The chunkfs design requires solutions to several knotty problems we don't have room to cover in this article, but you can read about in our 2006 Hot Topics in Dependability paper: Chunkfs: Using divide-and-conquer to improve file system reliability and repair [PDF].
Measurements
Repair-driven file system design, chunkfs in particular, sounds like a neat idea, but as a file system developer, I've had a lot of neat ideas that turned out to be impossible to implement, or had too much overhead to be practical. The questions I needed to answer about chunkfs were: Can it be done? If it can be done, will the overhead of continuation inodes outweigh the benefit? In particular, we need to balance the time it takes to check an individual chunk with the time it takes to check its connections to other chunks (making sure that the forward and back pointers of the continuation inodes agree with their partners in the other chunk). First, let's take a closer look at file system check time on chunkfs.
The time to check and repair a file system with one damaged chunk is the sum of two different components, the time to check one chunk internally and the time to check the cross references to and from this chunk.
Tfs = Tchunk + Tcross
The time to check one chunk is a function of the size of the chunk, and the size of the chunk is the total size of the file system divided by the number of chunks.
Tchunk = f(sizechunk)
sizechunk = sizefs / nchunks
The time to check the cross-chunk references to and from this chunk depends on the number of those cross references. The exact number of cross-chunk references will vary, but in general larger chunks will have fewer cross references and smaller chunks will have more - that is, cross chunk check time will grow as the number of chunks grow.
Tcross = f(nchunks)
So, per-chunk check time gets smaller as we divide the file system into more chunks, and at the same time the cross-chunk check time grows larger. Additionally, the extra disk space taken up by continuation inodes grows as the number of chunks grows, as does the overhead of looking up and following continuation inodes during normal operation. We want to find a sweet spot where the sum of the time to check a chunk and its cross-references is minimized, while keeping the runtime overhead of the continuation inodes small.
Does such a sweet spot exist? The answer depends on the layout of files and directories on disk in real life. If cross-chunk references are extremely common, then the overhead of continuation inodes will outweigh the benefits. We came up with an easy way to estimate the number of cross-chunk references in a chunkfs file system: Take a "real" in-use ext3 file system and for each file, measure the number of block groups containing data from that file.

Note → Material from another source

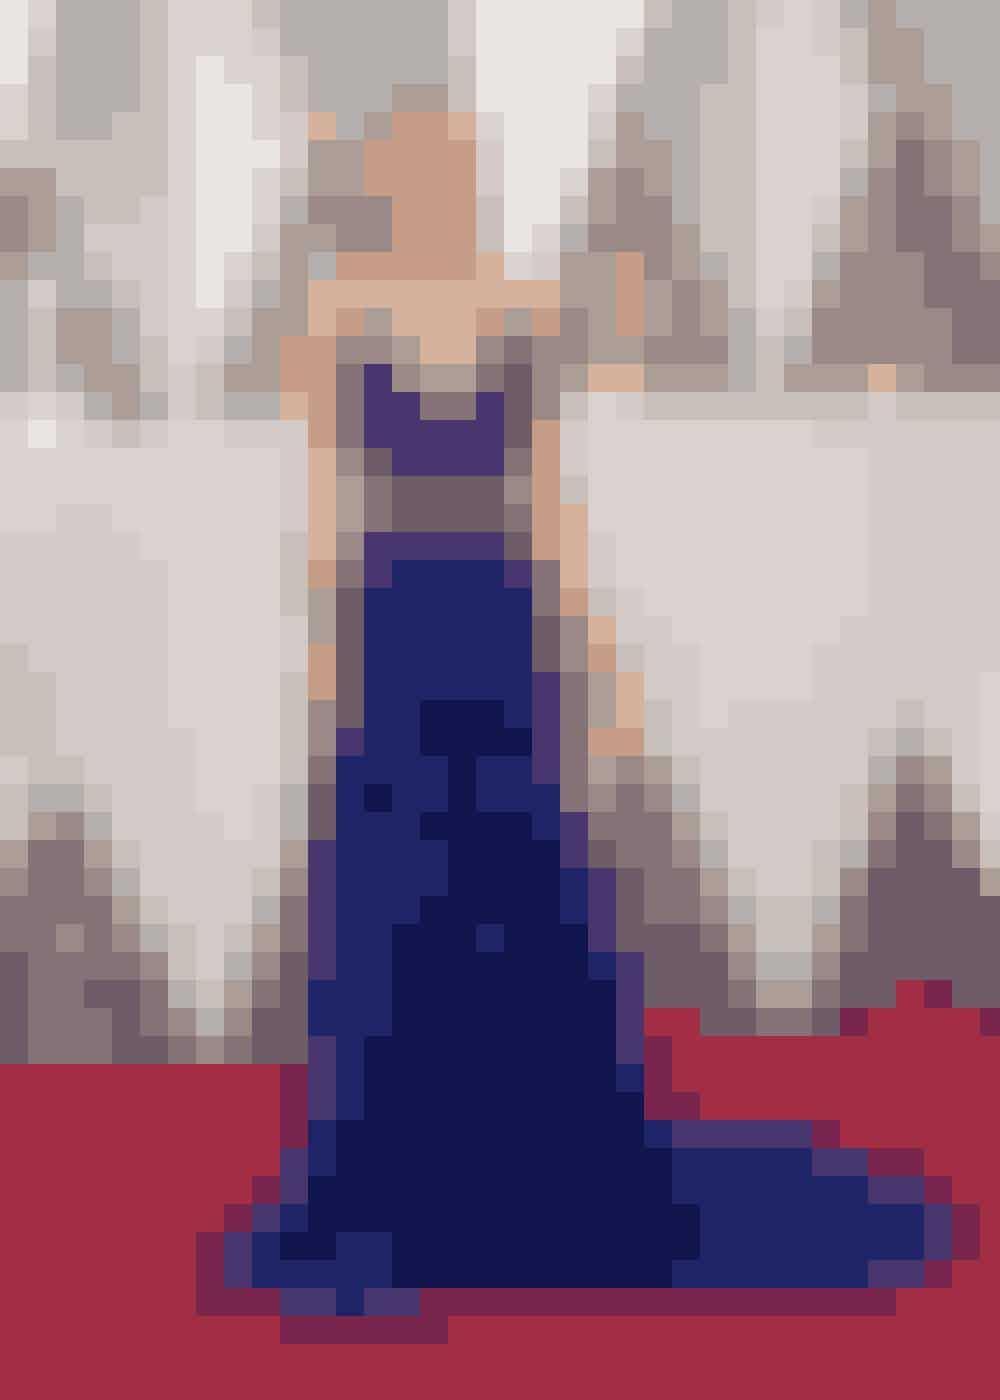 Brie Larson i Gucci. Brie Larson vandt en Oscar for bedste kvindelige hovedrolle i filmen Room.

Then, for each directory, measure the number of block groups containing files from that directory. If we add up the number of block groups less one for all the files and directories, we'll get the number of cross-chunk references in a similar chunkfs file system with chunks the size of the ext3 file system's block groups (details here).
Karuna Sagar wrote a tool to measure these cross-references, called cref, and I added some code to do a worst-case estimate of the time to check the cross-references (assuming one seek for every cross-reference). The results were encouraging; assuming disk hardware progresses as predicted, the average cross-chunk cross-reference checking time would be about 5 seconds in 2013, and the worst case would be about 160 seconds (about 2.5 minutes). This is with a 1GB chunk size, so the time to check the chunk itself would be a few seconds. This estimate is worst-case in another way: the ext3 allocator is in no way optimized to reduce cross-chunk references. A chunkfs-style file system would have a more suitable allocator.
Implementations
Chunkfs was prototyped three times. The first prototype, written by Amit Gud for his master's thesis [PDF] in 2006-2007, implemented chunkfs as modifications to the ext2 driver in FUSE. Note that the design of chunkfs described in the thesis is out of date in some respects, see the chunkfs paper [PDF] for the most recent version. He also ported this implementation to the kernel in mid-2007, just for kicks. The results were encouraging. Our main concern was that continuation inodes would proliferate wildly, overwhelming any benefits. Instead, files with continuation inodes were uncommon - 2.5% of all files in the file systems - and no individual file had more than 10 continuation inodes. The test workload included some simulation of aging by periodically deleting files while filling the test file system. (It would be interesting to see the results from using Impressions [PDF], a very sophisticated tool for generating realistic file system images.)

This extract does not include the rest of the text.